---------- DATA EXTRACT
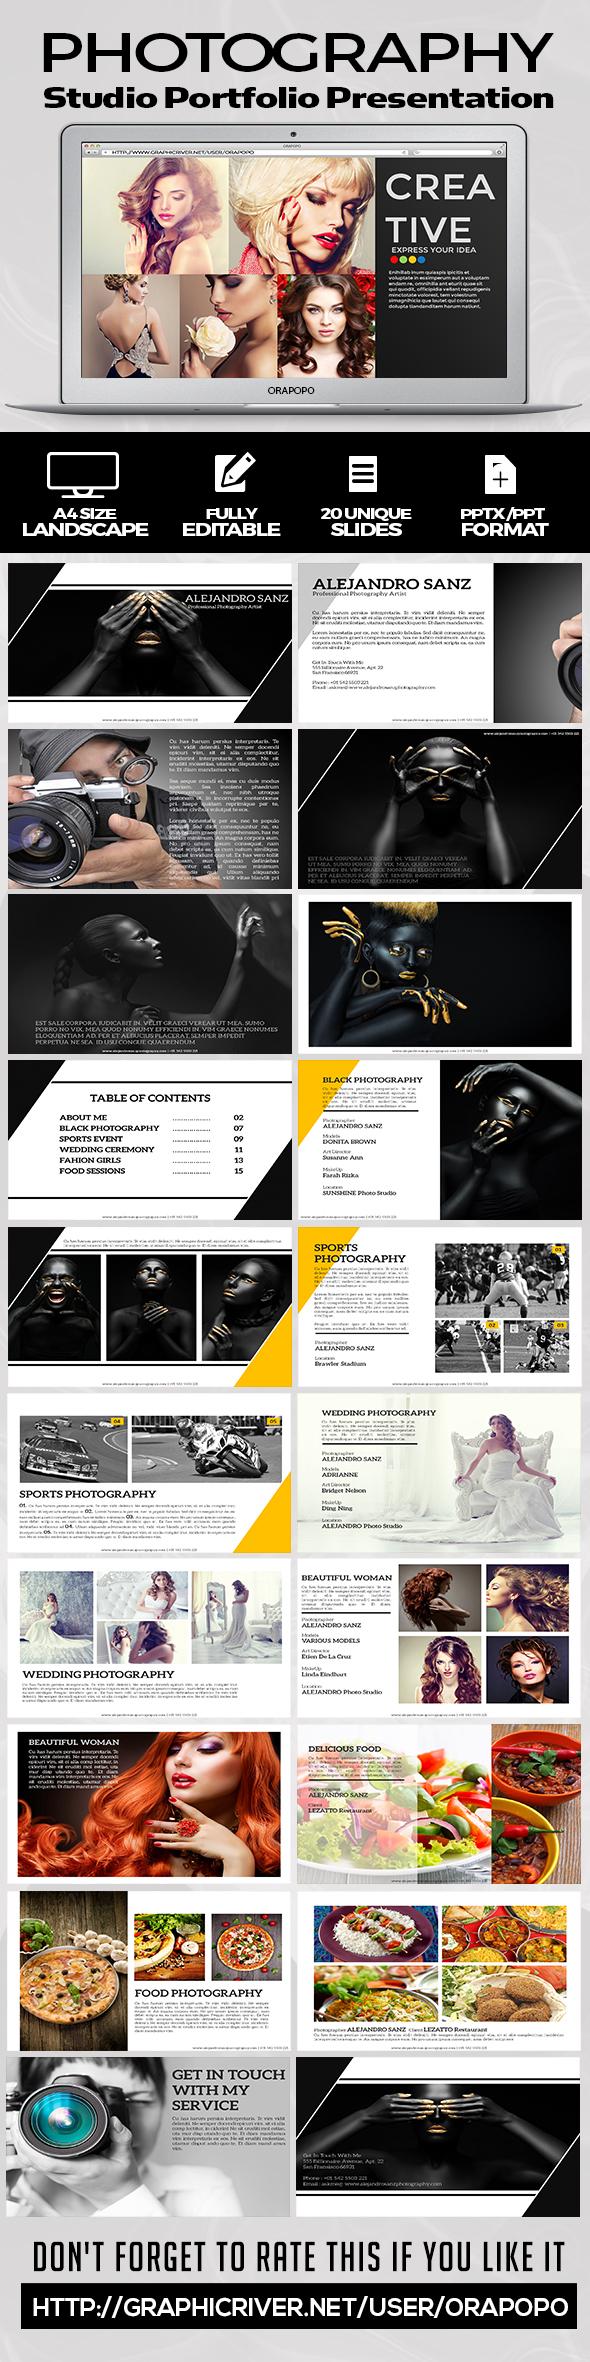 Photography Studio Portfolio Presentation - Creative PowerPoint Templates
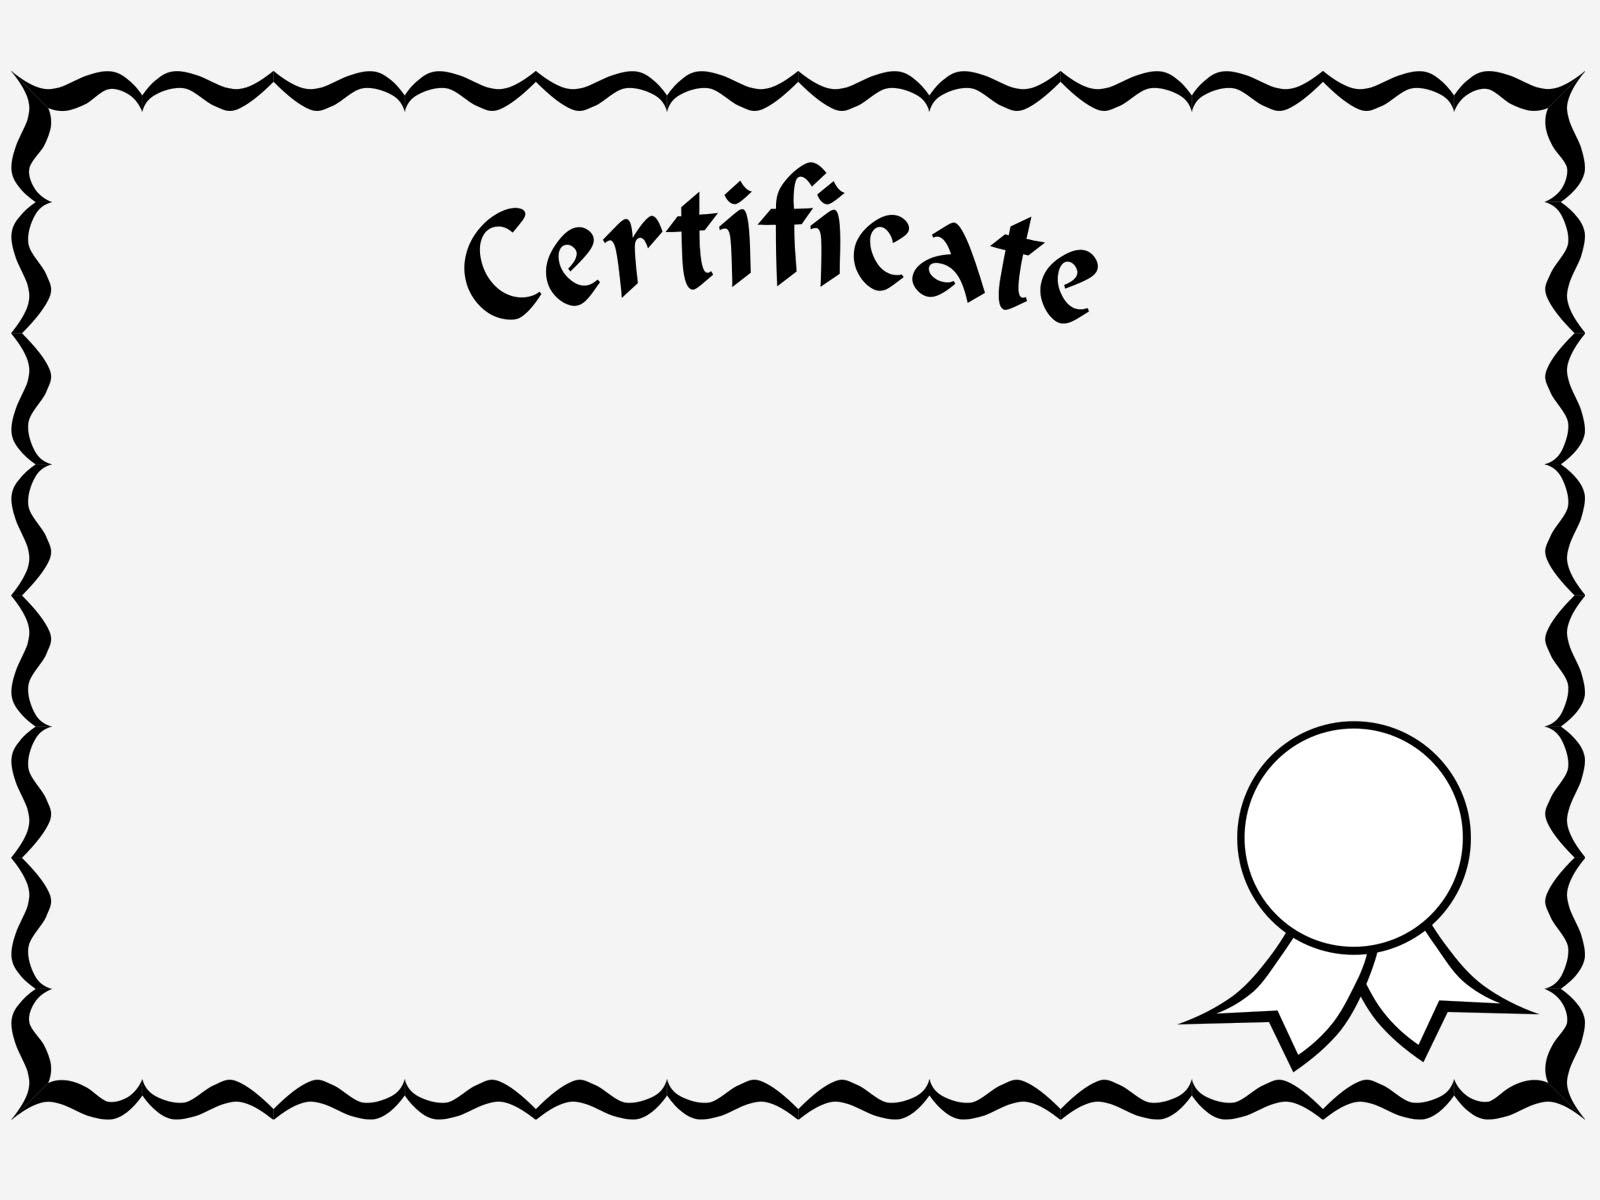 Certificate hen clipart
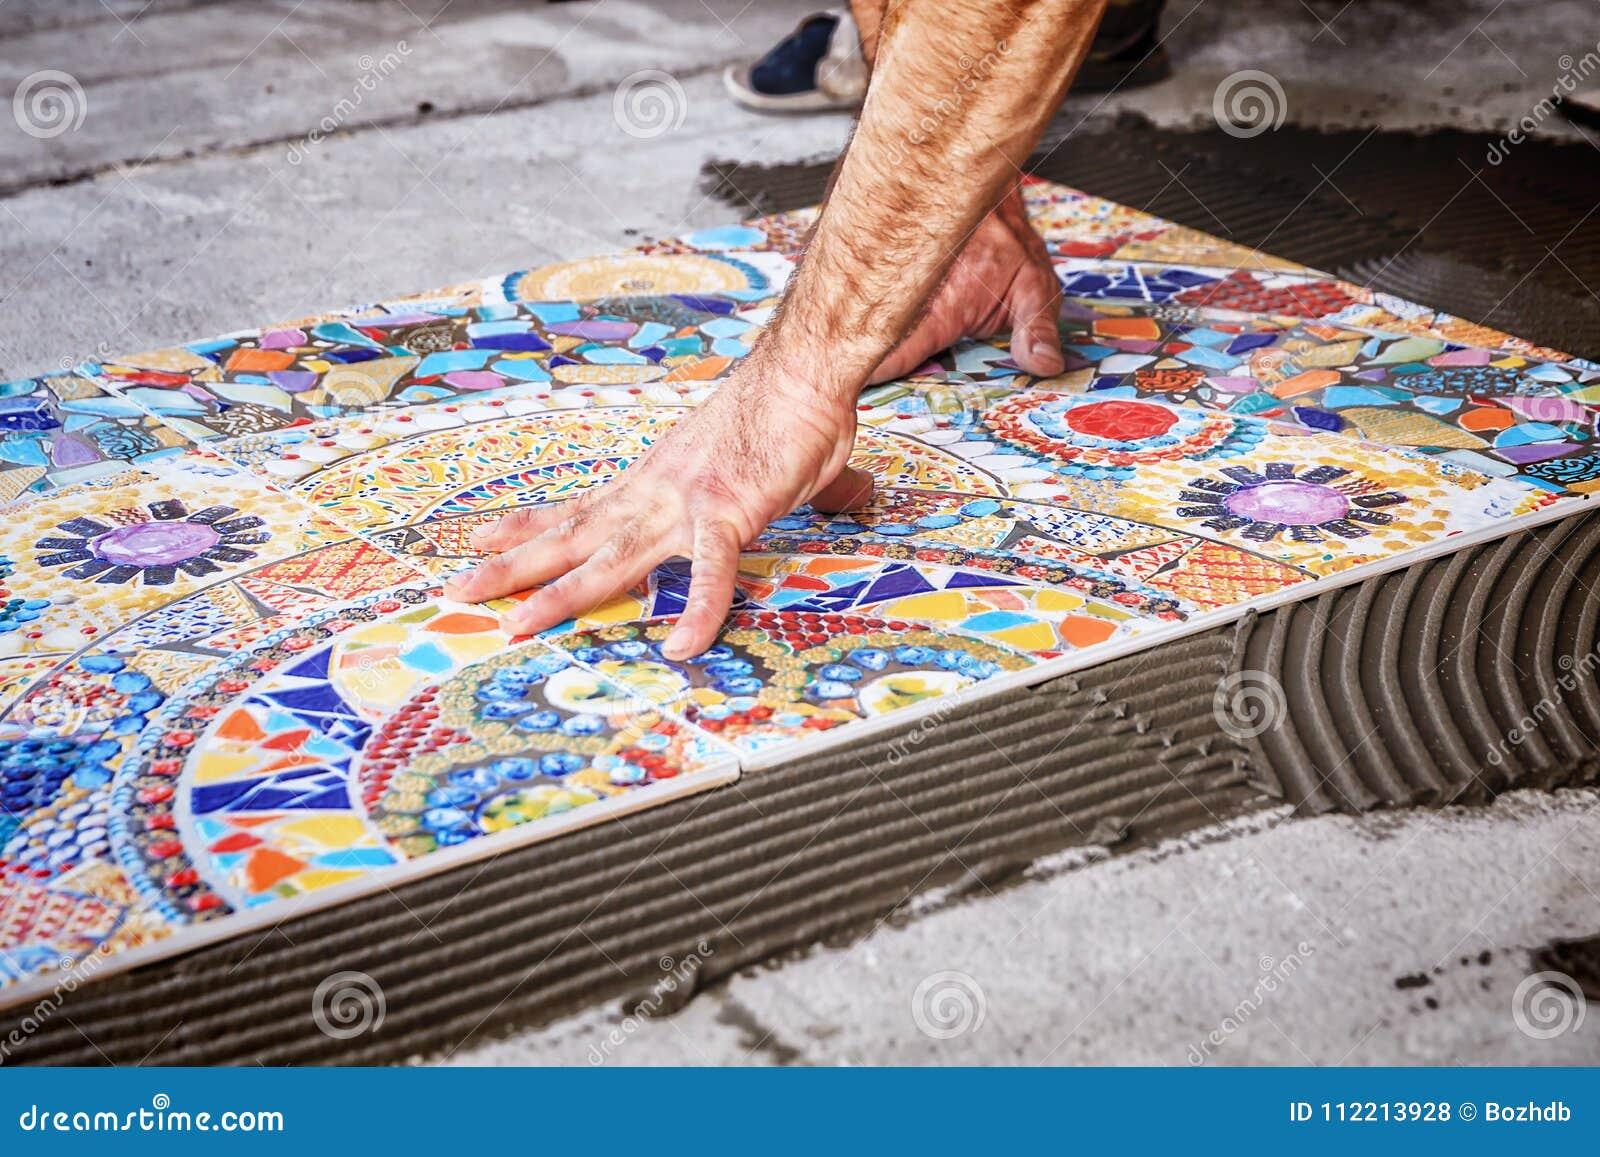 Laying Floor Ceramic Tile Stock Photo Image Of Mortar 112213928
--------------------
__EXERCISE AIM__
Please write out every line of the listing above exactly, and leave the images behind.

__YOUR SOLUTION__
 Photography Studio Portfolio Presentation - Creative PowerPoint Templates
 Certificate hen clipart
 Laying Floor Ceramic Tile Stock Photo Image Of Mortar 112213928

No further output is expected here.